BARCELONA — Athletes have long obsessed over what to eat, but emerging science points to a different question: when should they eat? A systematic review of 18 studies examining time-restricted eating (TRE) in athletic and active populations reveals early promise that limiting daily food intake to specific windows may trigger beneficial metabolic changes. However, the team of Spanish researchers emphasizes that the evidence remains scarce and that more studies are needed.
Time-restricted eating, also well-known as intermittent fasting, involves condensing all daily meals into a defined period, typically between four and 12 hours, with the remaining hours spent fasting. The review, published in Revista Española de Nutrición Comunitaria, found the most commonly studied approach was the 16:8 protocol, where eating occurs within an eight-hour window and fasting extends for 16 hours. While most TRE research has focused on weight loss, some studies suggest that there may be deeper cellular effects.
One small study of 11 non-athletes following early TRE (eat early, finish by mid-afternoon) for just four to five days found increased expression of molecular markers involved in cellular maintenance and aging regulation. Researchers observed elevated levels of SIRT1, a gene involved in regulating aging processes, and LC3A, a protein that helps form autophagosomes. These microscopic structures capture and remove aged or damaged cellular components in a process called autophagy, the body’s internal recycling system.
The same short-term study found increases in brain-derived neurotrophic factor during the night, a molecule that promotes neuronal growth and survival. These signals are consistent with autophagy pathways but are not direct measures of biological age or lifespan, and were observed after just 4–5 days in non-athletes.
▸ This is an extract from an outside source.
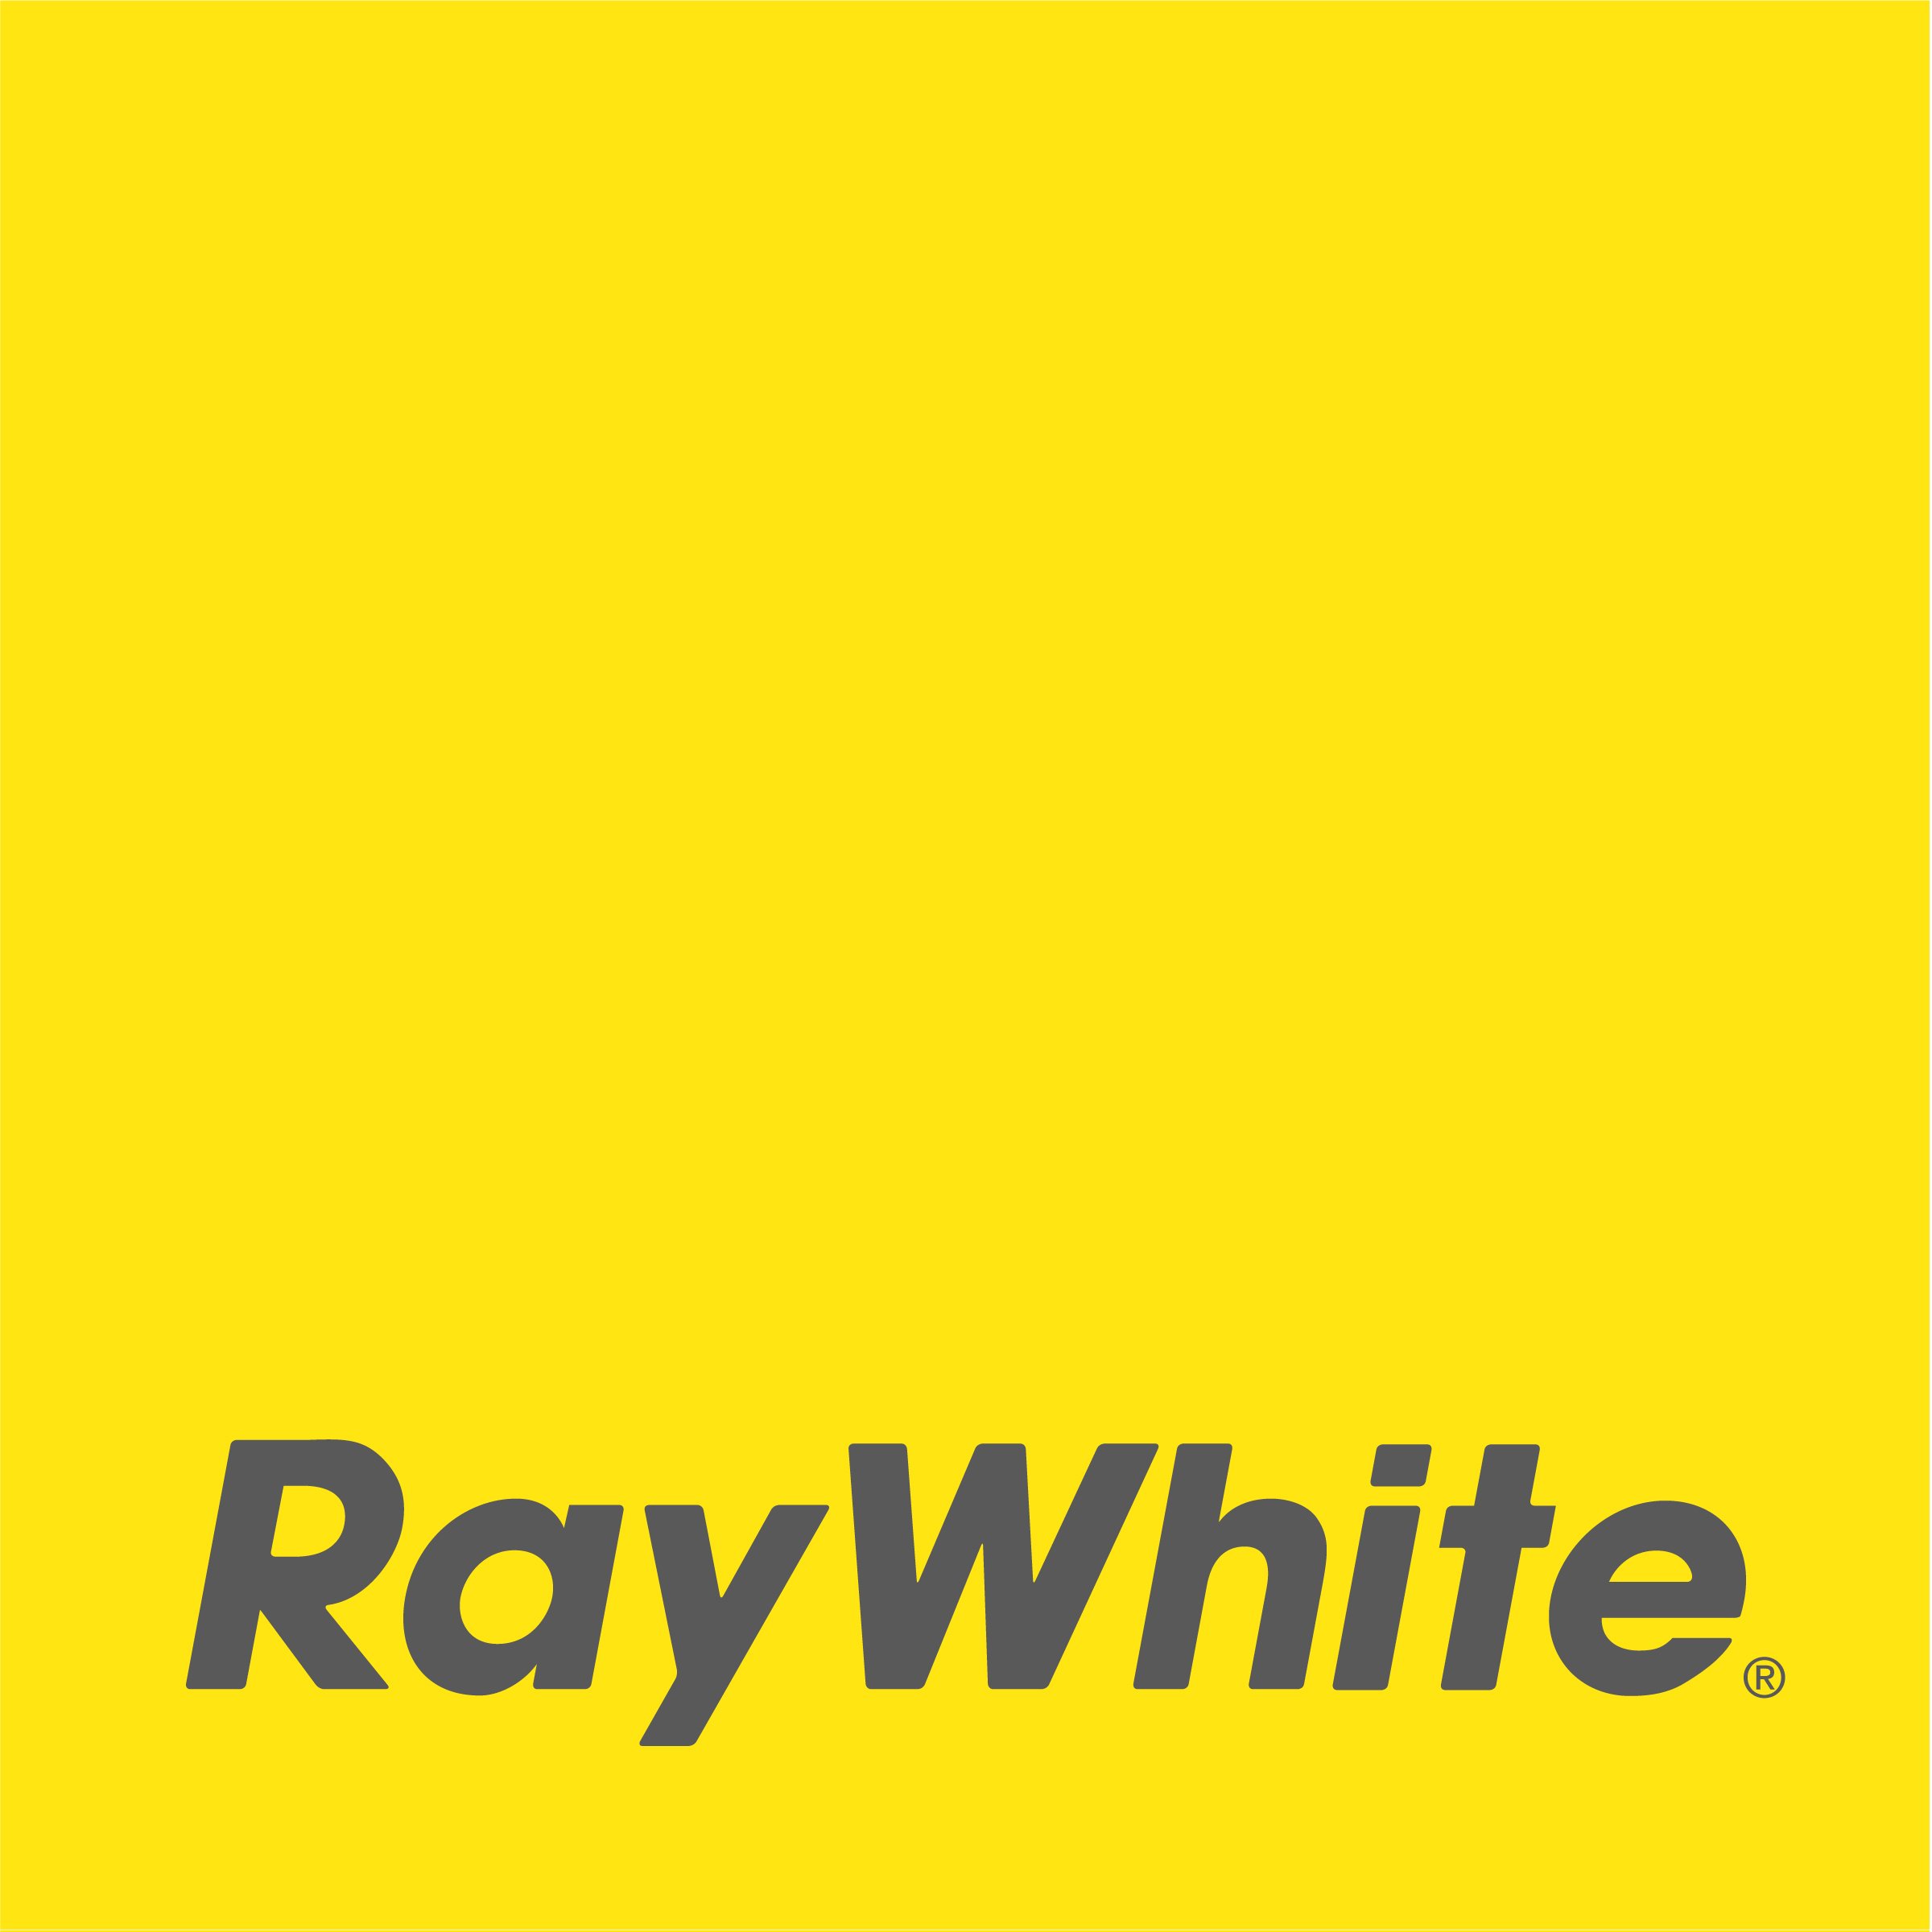 Ray White.jpg

Whether similar effects occur in athletes during longer-term eating patterns remains unknown.
Among elite cyclists in a four-week randomized controlled trial, time-restricted eating showed short-term benefits. Athletes lost approximately 2% of body weight and showed an 11% decrease in resting energy expenditure, alongside a roughly 4% improvement in maximum power output relative to body mass. Fat mass dropped while lean muscle remained stable, with a notable reduction in inflammatory markers. During winter preseason training, when intense exercise typically suppresses immune function and leaves athletes vulnerable to illness, this protective effect becomes particularly valuable. Both TRE and normal eating groups showed equal preservation of fat-free mass and athletic performance.
Athletic Performance Stays Intact
Athletes and coaches might reasonably worry that restricting eating times would hamper training or competition results. Across multiple studies lasting three to 98 days and spanning 11 to 271 participants, TRE either maintained or improved athletic performance measures, though most evidence comes from recreational athletes rather than elite competitors.
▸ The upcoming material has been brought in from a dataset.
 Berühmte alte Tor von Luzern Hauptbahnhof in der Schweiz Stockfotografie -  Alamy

Research on physically active women combining high-intensity interval training (HIIT) with TRE showed a 1% reduction in body fat alongside improvements in jump performance. Another study of 12 physically active individuals found that after four weeks, participants increased their total work output and fat-free mass while reducing waist circumference. The researchers noted this improvement represented roughly a one-second difference that could influence competitive outcomes.
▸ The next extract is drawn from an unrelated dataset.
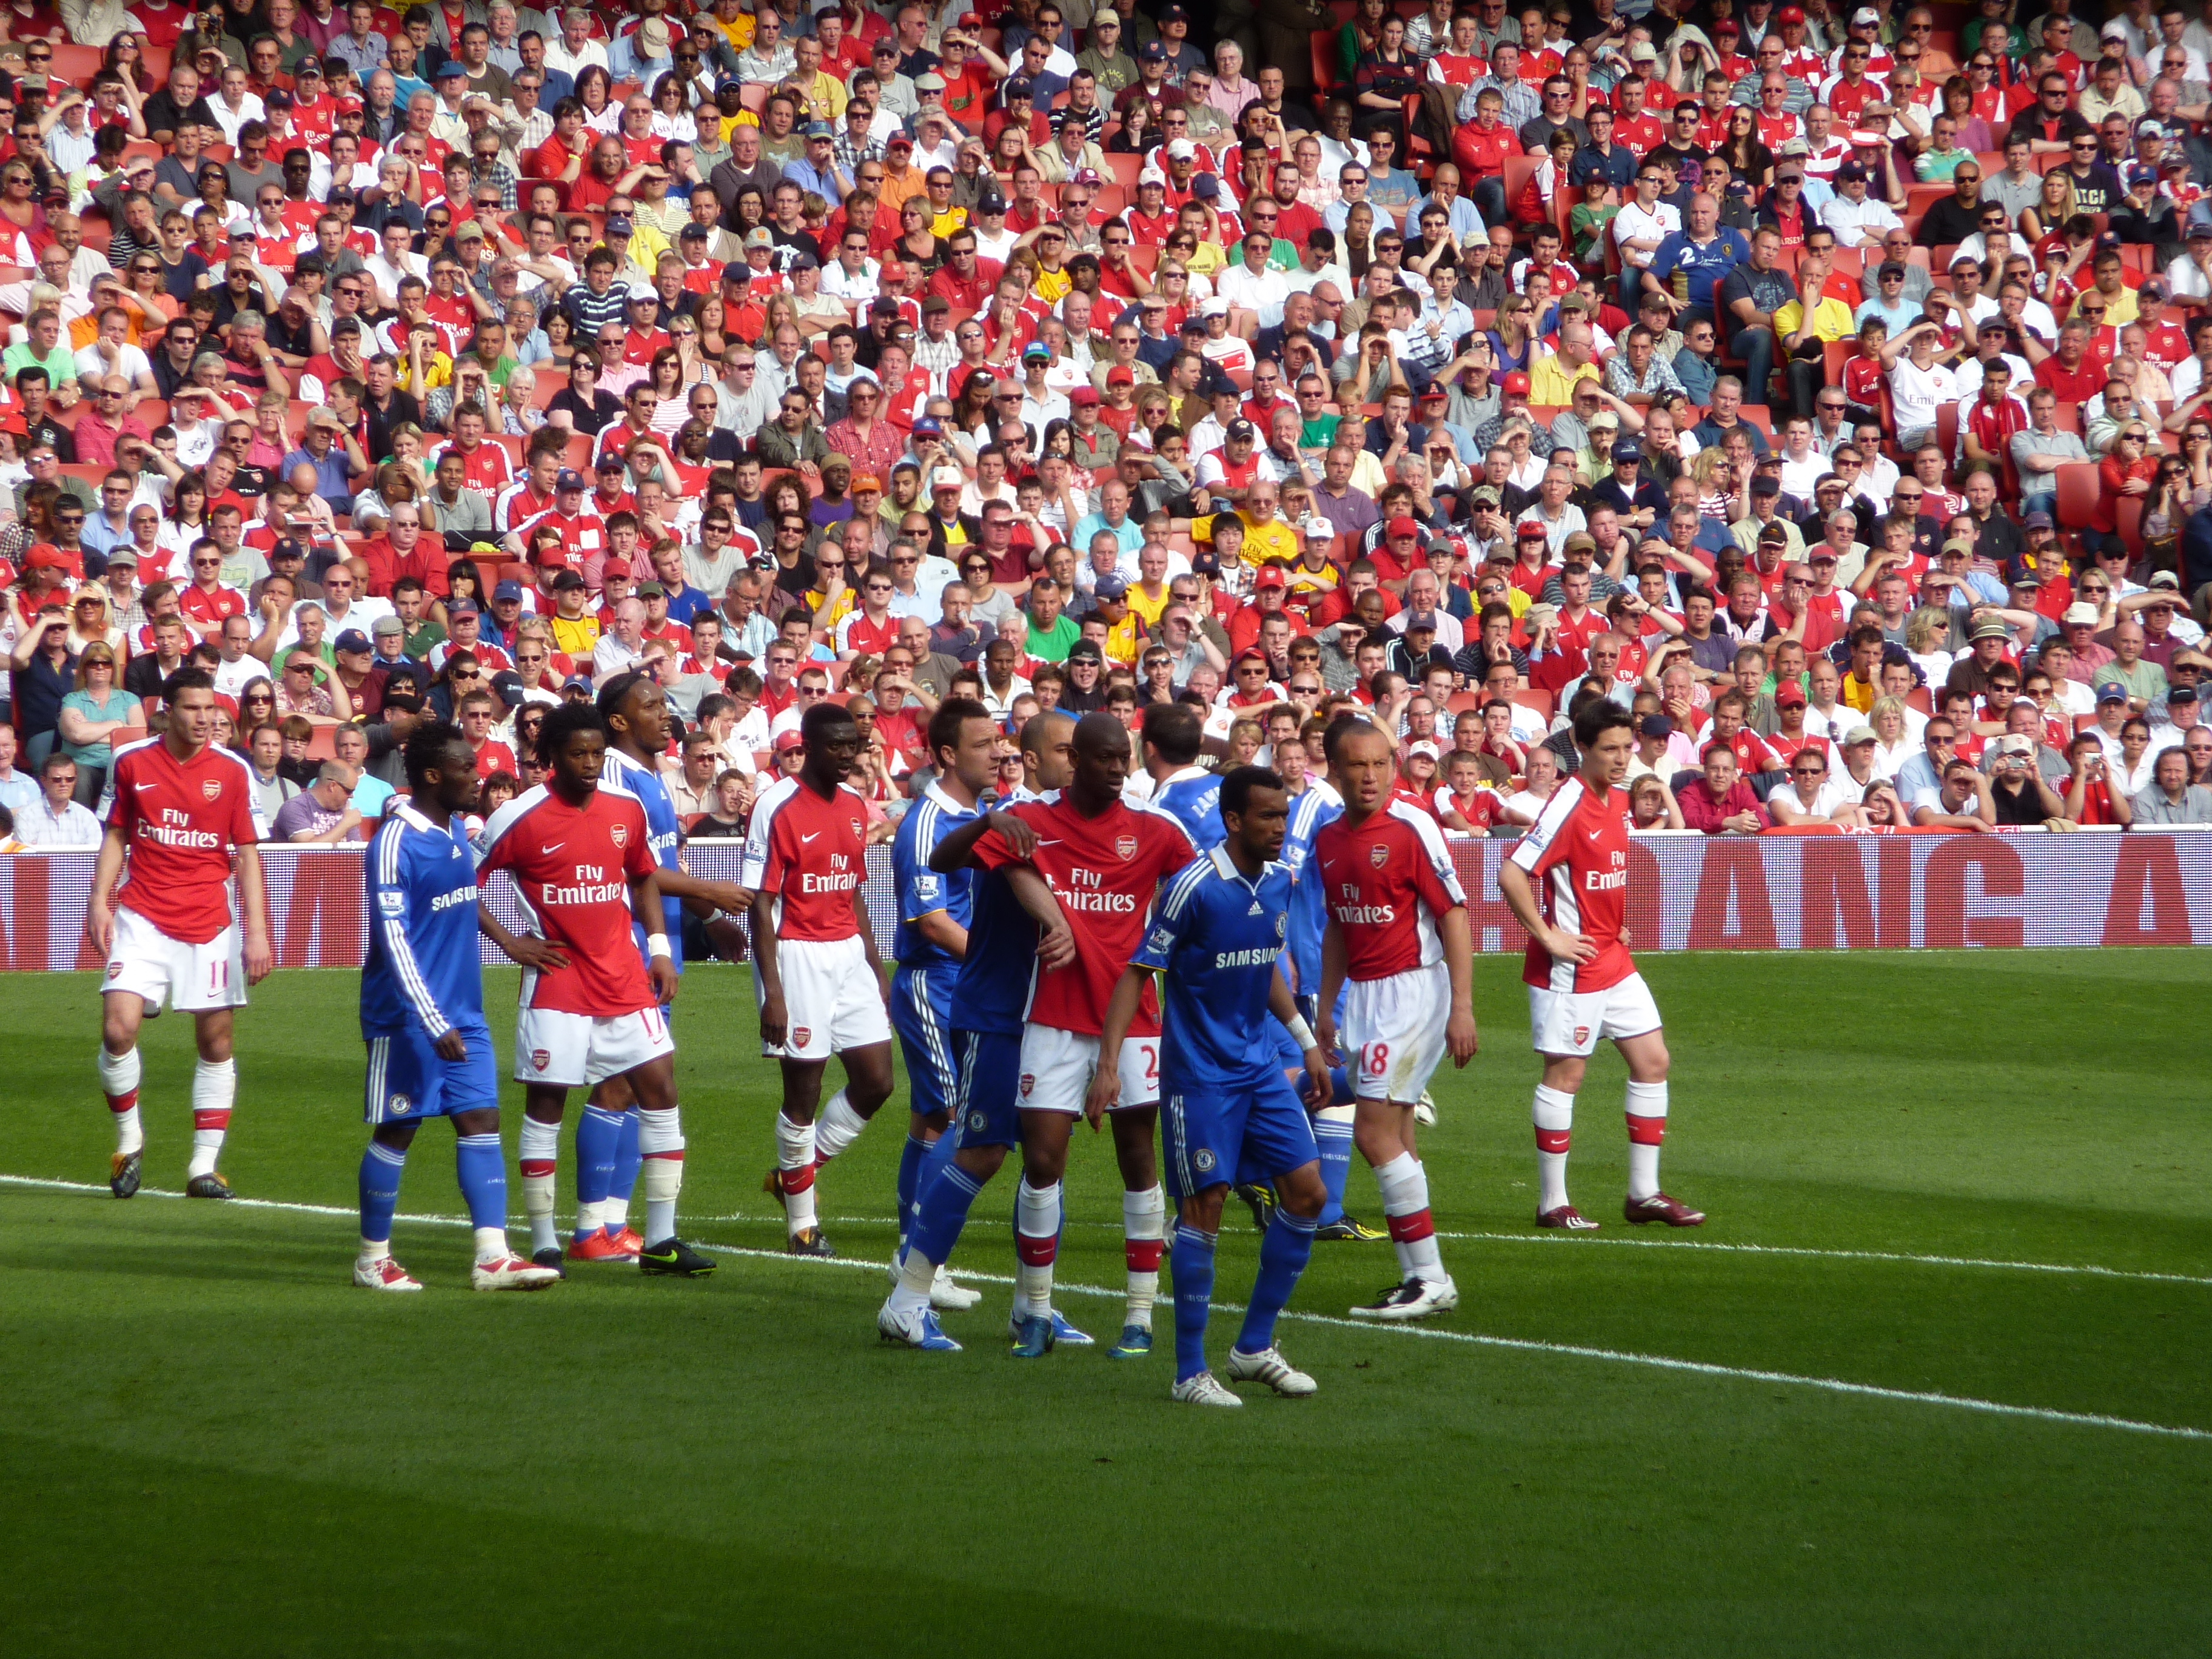 Cạnh tranh giữa Arsenal F.C. và Chelsea F.C. – Wikipedia tiếng Việt

A study examining eating within just two hours daily in 11 individuals over a short crossover period found no decline in strength, maximum power output, or aerobic capacity. When combined with simultaneous strength and endurance training in people with overweight or obesity, the 16:8 protocol reduced body mass and decreased fat mass by 9% while increasing lean muscle and muscular strength in knee flexion and ankle dorsiflexion.
Metabolic Benefits Beyond the Scale
Beyond performance metrics, intermittent fasting appears to shift metabolic patterns and daily glucose control in ways that could protect long-term health, though most of this evidence comes from non-athletic populations. Studies in people with overweight, obesity, or Type 2 diabetes consistently showed improved glucose control throughout 24-hour periods, with reduced nighttime glucose levels and decreased post-meal blood sugar and insulin spikes.
One experiment in non-athletes compared eating dinner at 6 p.m. versus 9 p.m. Earlier dinner timing reduced blood sugar response following the evening meal and lowered glucose levels from 6 p.m. until 6 a.m. the next morning. Benefits extended into the following day, with increased fat burning after breakfast when dinner had been consumed earlier.
In individuals with Type 2 diabetes, three weeks of eating within a 10-hour window improved glucose balance without changing insulin sensitivity. While 24-hour energy expenditure remained stable, the shift in fuel use was notable: carbohydrate burning decreased while fat burning increased. Participants spent more time in normal glucose ranges and less time with elevated blood sugar, without significant increases in low blood sugar episodes.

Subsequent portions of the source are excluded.